Triskaidekaphobia and other pieces of silliness
‘Friday the Thirteenth tomorrow, sir.’
‘Yes. Never mind the date, it’s Friday.’
Of course, were I to have dismissed as nonsensical the notion that 13 was somehow an unlucky number, I would have been guilty of imposing my worldview on the student. A post-modern word is one where the views of everyone are treated as equal, even if those views are not evidence-based
The post-modern approach in which every viewpoint is treated as being of equal validity can lead to unlikely ideas gaining currency. Esoteric theories abound in every corner of the Web. Notions of scientific method and peer review are dismissed and the the unsubstantiated views of ‘influencers’ are uncritically accepted. The world is run by the World Economic Forum, the United Nations, the Illuminati, the Jesuits, the Freemasons, the CIA, the Jews, the British Royal Family, MI5, Mossad, Opus Dei, medieval secret societies: the list is lengthy, always bizarre, and frequently contradictory. (Had the Freemasons one fraction of the power attributed to them, I think I should have joined so as to find it easier to get teaching jobs!)
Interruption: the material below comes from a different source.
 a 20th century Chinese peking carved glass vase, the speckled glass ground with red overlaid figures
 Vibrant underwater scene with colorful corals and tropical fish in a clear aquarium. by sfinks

Post-modern society has produced not people who believe nothing, but has increasingly produced people who will believe anything they read on social media and websites.
Far from becoming mature, rational and objective, the decline of traditional religion has led to the rise of the irrational and the return of old superstitions.
One of my favourite principles from medieval times is the principle which in its shortest form says that one should not make any assumptions more than the minimum necessary to explain an event or phenomenon. It was developed by the 14th Century English monk and writer William of Occam who would have been dismayed at the backward slip of civilization, William expounded the principle that became known as Occam’s Razor.
Those of us who have grown up in the culture of the Enlightenment since the 18th Century have grown used to scientific method where theories are measured against facts and adapted in the light of those facts. Hegel proposed the model of hypothesis and antithesis leading to synthesis. Furthermore, all theories, methods and conclusions are subject to peer review, by reviewers from institutions with academic credibility.
Such method runs contrary to the sort of post-modern thinking which responds to facts by creating ever more outlandish theories to account for facts that have simple explanations.
Of course, the student is entitled to his ideas about Friday the Thirteenth, but without being able to produce evidence, without proposing a theory that is amenable to falsification, without being able to propose a thesis that can be tested, it will remain a piece of ancient superstition.